Deter future growth: pull it all out, put down landscape fabric, put it all back in.

Best way to get rid of it now: glypho. Do it when you KNOW you won't get rain for at least 48 hours. Just mist it. You will have to do it twice because you will miss some on 1st pass. Wait till it yellows after first pass then mist whatever is still green


----------



## ionicatoms (Mar 8, 2020)




----------



## Necrosis (Jul 12, 2018)

Blow torch and preemergent.


----------



## g-man (Jun 15, 2017)

ionicatoms said:


>


^ +1


----------



## creediddy2021 (Mar 27, 2021)

I say pull the weeds and throw Preen in the bed and water in heavy. I would suggest landscape fabric once the Preen has dissolved. If mulch is used there is no need for landscape fabric. You can pickup some thick inexpensive landscape fabric from vevor.com

Rock does not break down in landscape beds as rock is only meant for decorative purposes rather than build and retain soil moisture and create more nutrients for the soil.


----------



## creediddy2021 (Mar 27, 2021)

I say hand pull the weeds and throw Preen in the bed and water in heavy. I would suggest landscape fabric once the Preen has dissolved. If mulch is used there is no need for landscape fabric. You can pickup some thick inexpensive landscape fabric from vevor.com

Rock does not break down in landscape beds as rock is only meant for decorative purposes rather than build and retain soil moisture and create more nutrients for the soil.

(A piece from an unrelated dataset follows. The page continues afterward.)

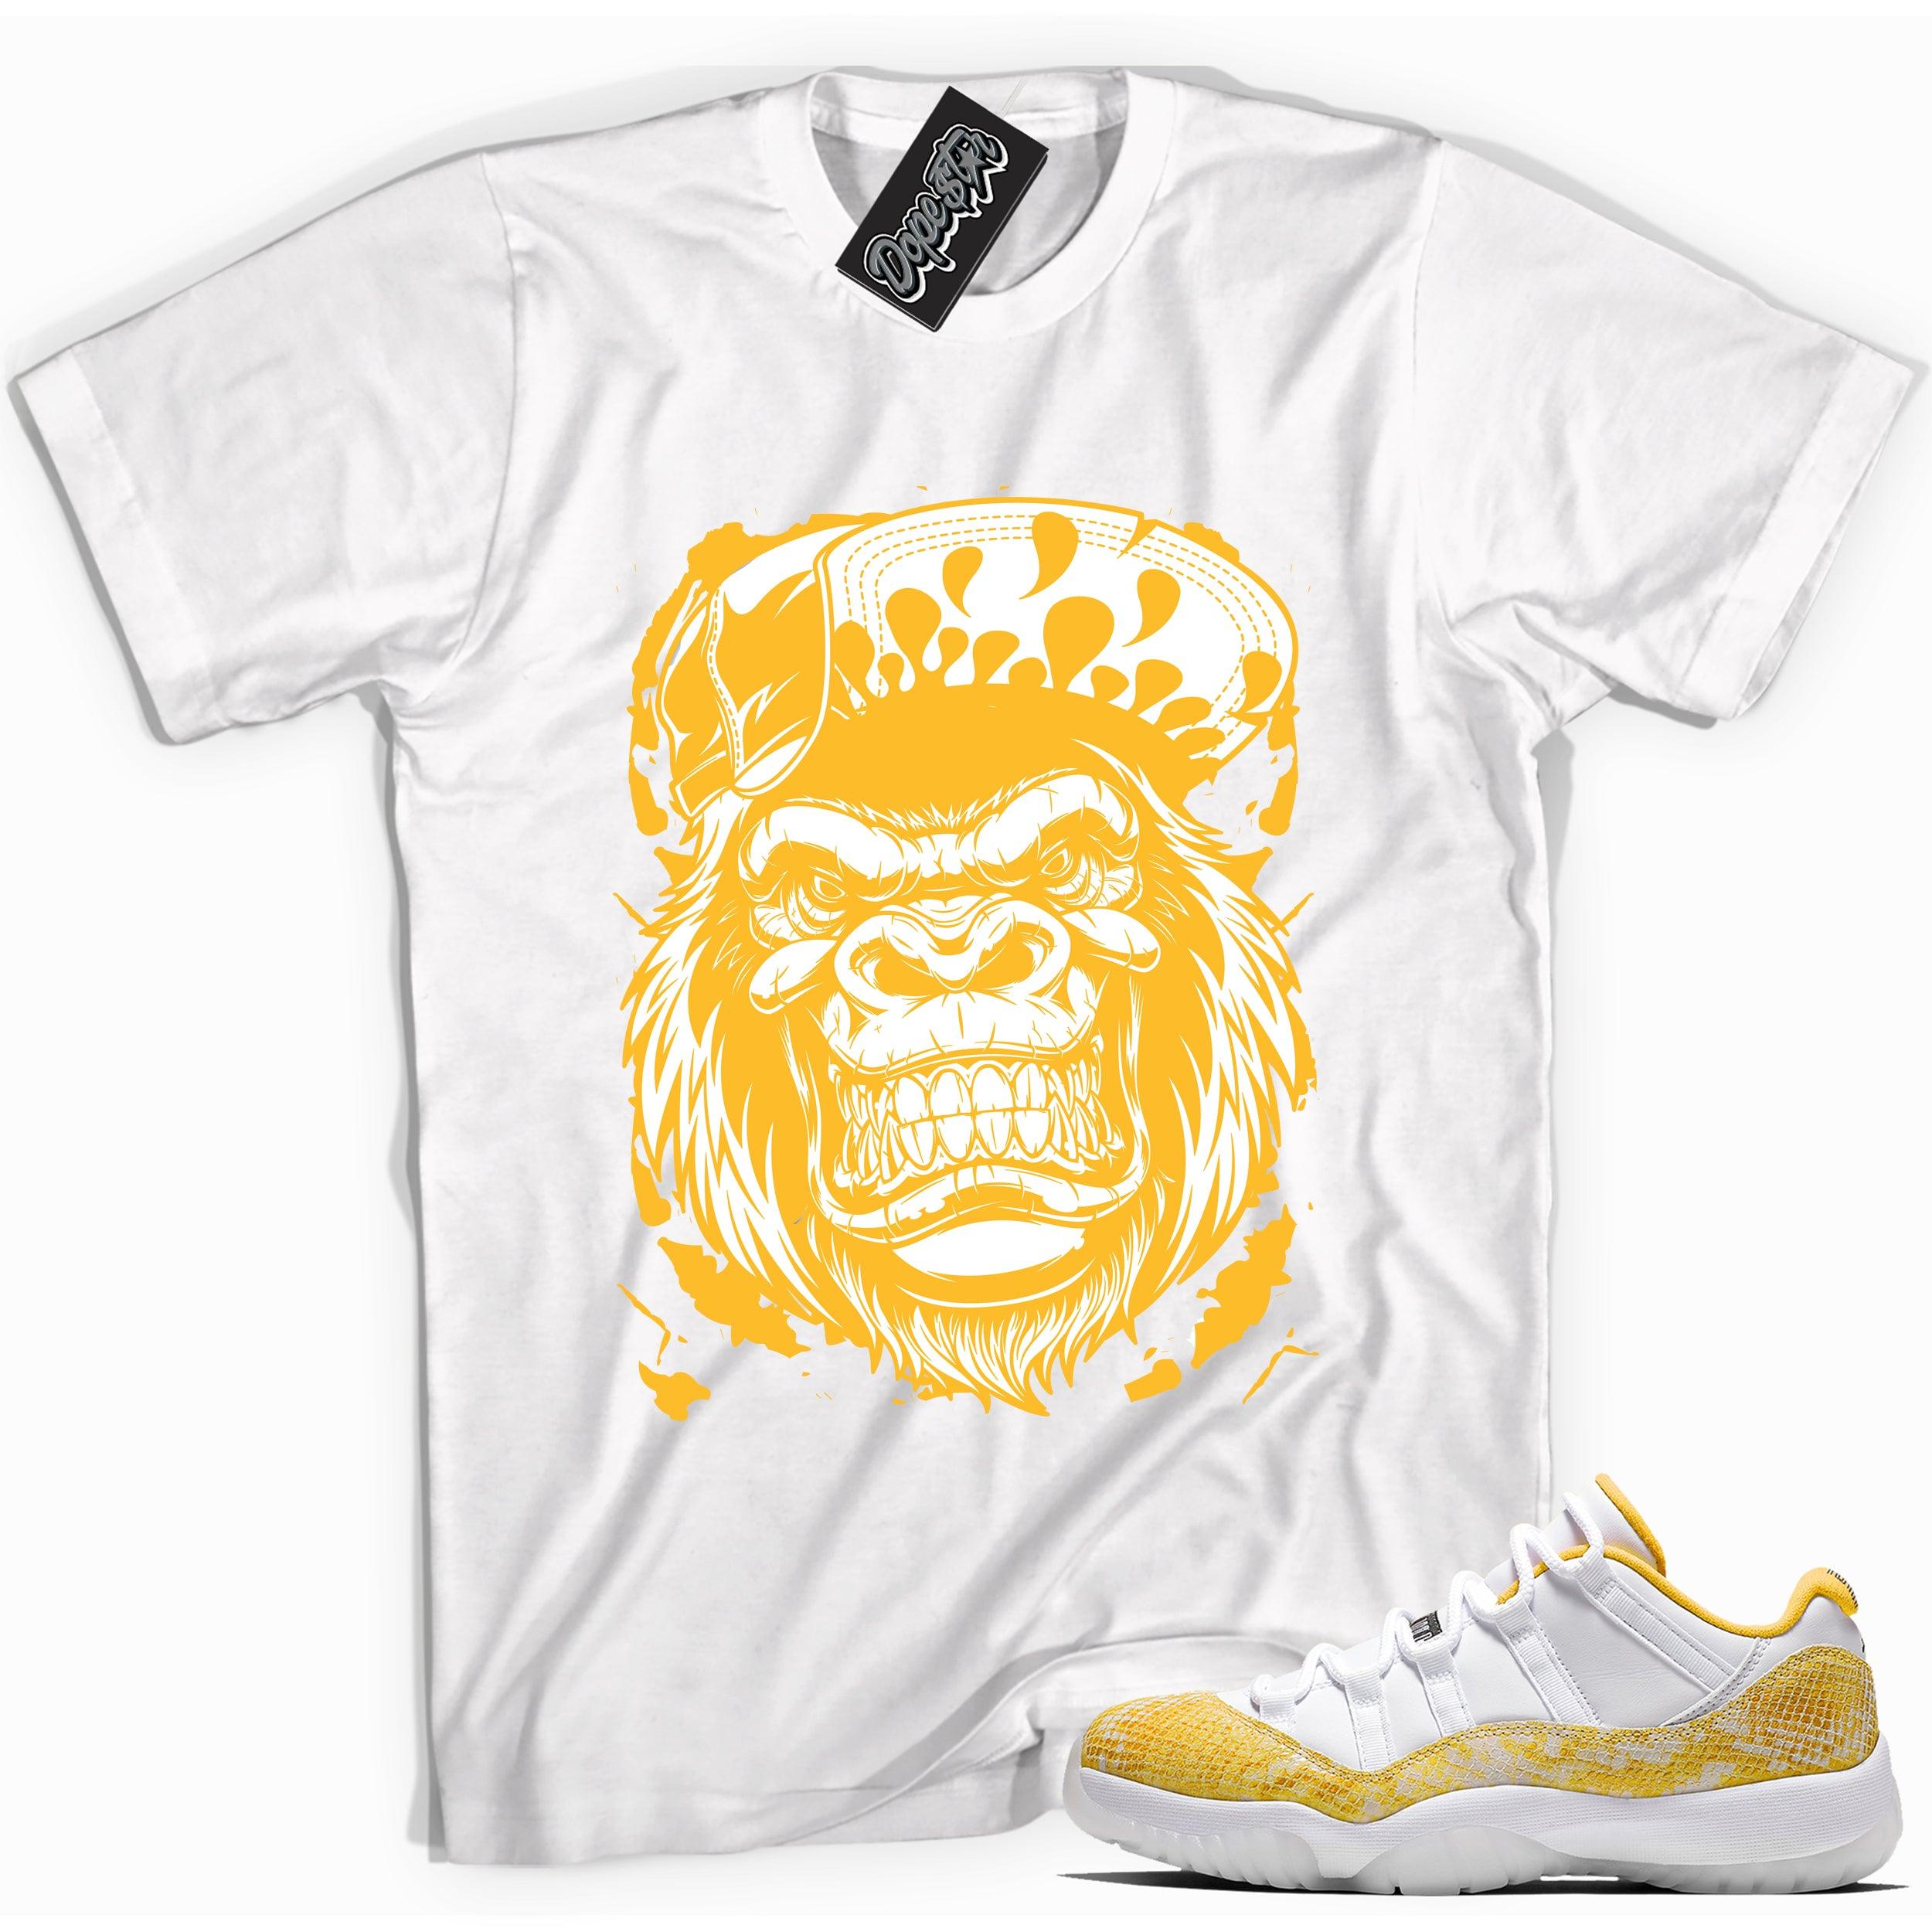 Cool white graphic tee with 'gorilla beast' print, that perfectly matches Air Jordan 11 Low Yellow Snakeskin sneakers
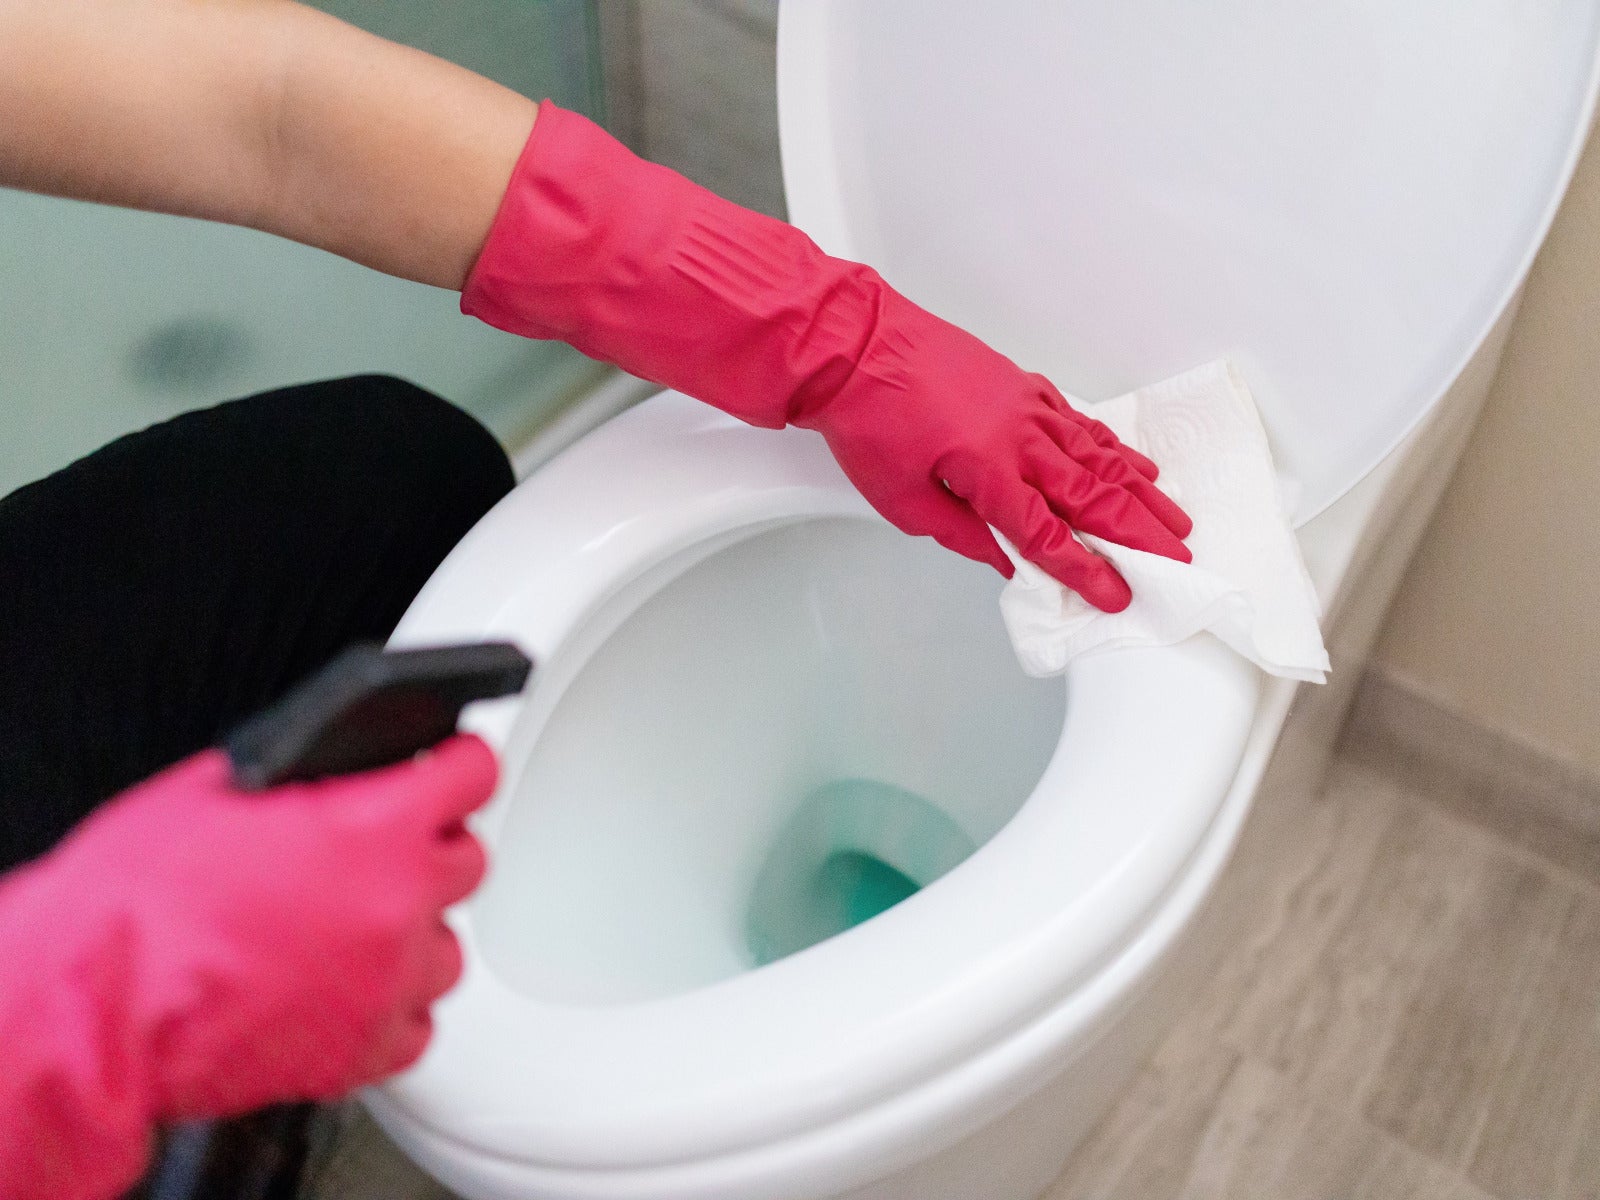 How To Clean A Toilet 1900297 01 201C3F2023334460Bd082Fe848A64C67

By the way, you don't have very many weeds compared to what I had.


----------



## rookie_in_VA (Sep 27, 2021)

+1 on landscape fabric to prevent future growth.


----------



## Erickson89 (May 3, 2020)

Please do not put down landscape fabric! It is the biggest scam in the industry. Yes, it works the 1st year by blocking growth from seeds already in the soil. However, weed seeds, dirt, debris, leaf matter, etc all blow in from the wind which mean you will quickly have new weeds growing. Now you have quickly rotting landscape fabric that is no longer preventing new weeds from growing but also a major pain for any future plantings or removal later.

If you want weeds to go away, remove the rocks, dig down 8-10 inches with a flat of a drop as you can on the edges (think cliff face), back fill with #57 drainage gravel and then top off with your desired stone. The channel means dirt and debris drop down to the bottom preventing a place for new weed seeds to start germinating.


----------



## ionicatoms (Mar 8, 2020)

AFAIK, the only valid purpose for landscape fabric is keeping rocks from sinking into the ground.


----------



## Glen_Cove_5511 (Jun 13, 2020)

Completely agree with @Erickson89. I would just spray it out.


----------



## Allan-00 (Aug 6, 2019)

Spray it out. Don't go landscape fabric...more headache than effective.


----------



## robjak (Mar 31, 2020)

+1 Groundclear, but Blow torch sounds fun.


----------



## ABC123 (Jul 14, 2017)

Don't do fabric. Keep up on the pre emergent in these areas. If you do the extended roundup it can leach into the surrounding lawn. Just pull all the large stuff after a evening of regular roundup and then be proactive with it as soon as you see growth


----------